Así que apliqué mi propio cuento a mi relación sentimental. Miriam era mi chica, y resulta que también era mi jefa. La engañaba día sí día también, en los numerosos viajes a los que solía ir, y lo peor es que generalmente lo hacía con tías de la empresa. Además, no la quería, y la mentía en las dos cosas. Vivía con ella desde hacía un año. Íbamos a casarnos. Según mi teoría, tenía todas las papeletas para cagarla algún día. Así que, infeliz de mí, meses antes de la boda decidí cortar con todo, aduciendo dudas y un montón de excusas absurdas. Y se montó la de Dios. Porque alguien le fue con el cuento, el de verdad; y además de insultarme, pegarme y tirarme todo lo que encontró a su paso, me puso de patitas en la calle. Bueno, no ella, pero jugó sus cartas de la forma más vengativa de que fue capaz para perderme de vista.

Todo lo que pasó me hizo reflexionar un poco sobre mi futuro.
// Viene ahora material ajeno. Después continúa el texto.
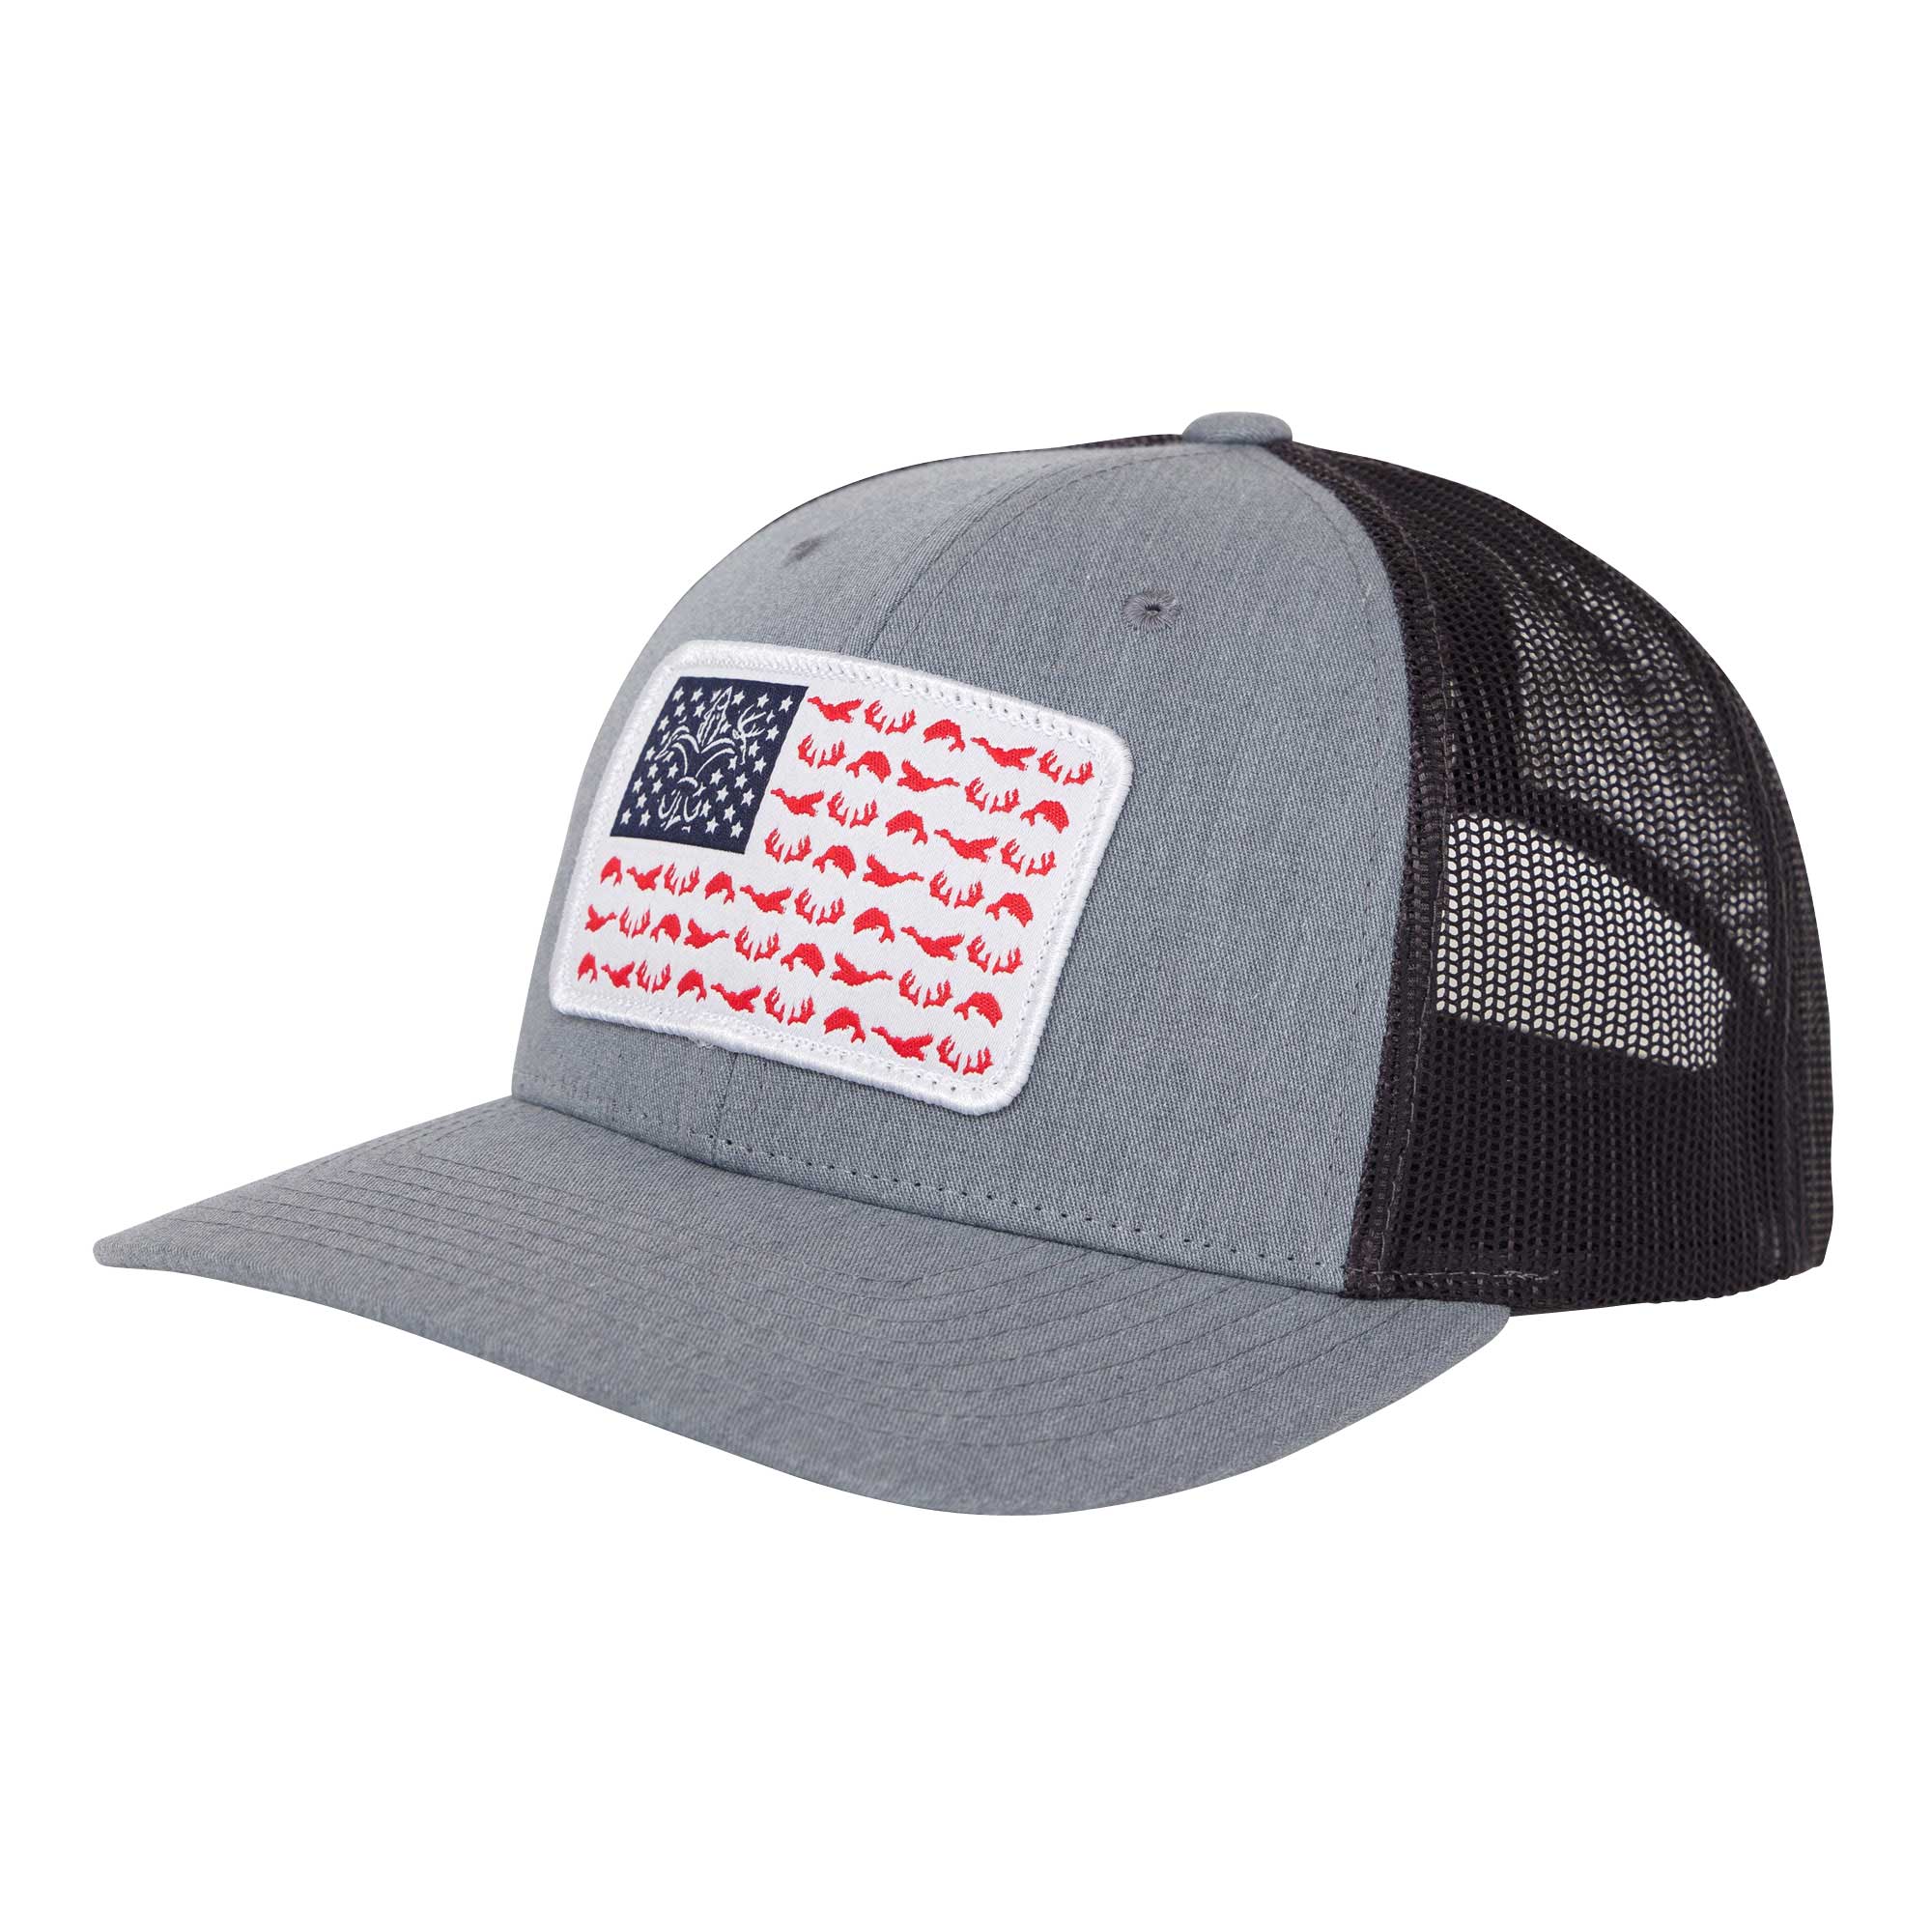 Buy American Fish Flag Trucker Hats - Fishing Gifts for Men
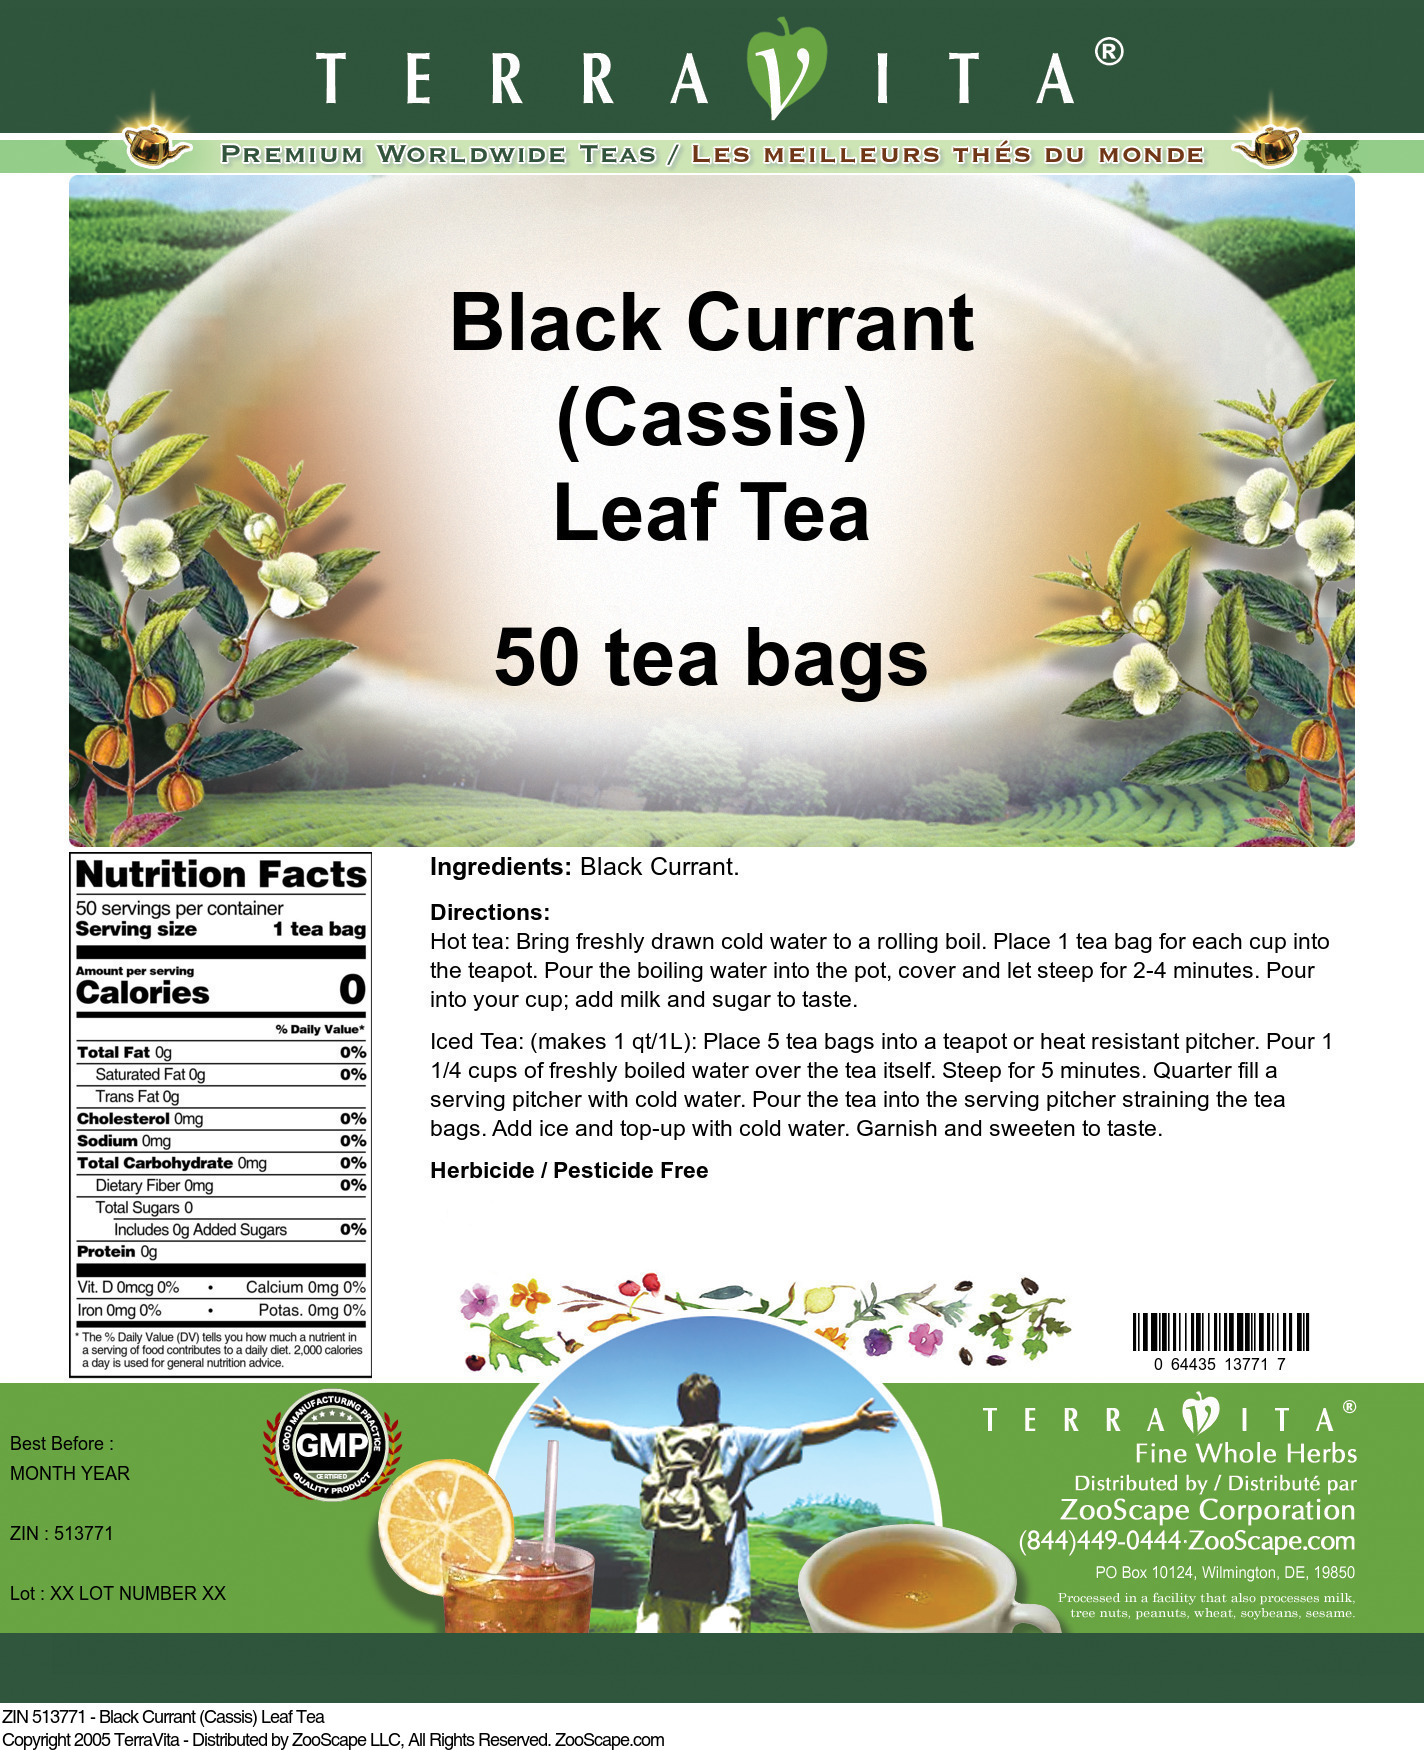 Black Currant (Cassis) Leaf Tea - Label

Tenía dinero, ya que entonces ganaba mucho y porque, por perderme de vista, la indemnización se puede decir que también fue generosa. Además, mis intentos de reenganche laboral a través de mis clientes y proveedores conocidos, se fueron truncando uno tras otro, debido a que la bruja de mi exnovia y exjefa, rebuscando en su cerebro hasta el último resquicio de rencor y de venganza, movió muy bien los hilos para cerrarme otras puertas convenientemente; y yo ya no tenía ninguna gana de suplicar trabajos distintos a lo que sabía hacer. Sencillamente, no estaba preparado para empezar otra vez de cero, así que decidí tomarme un tiempo para relajarme, olvidarme de todo y pensar un poco.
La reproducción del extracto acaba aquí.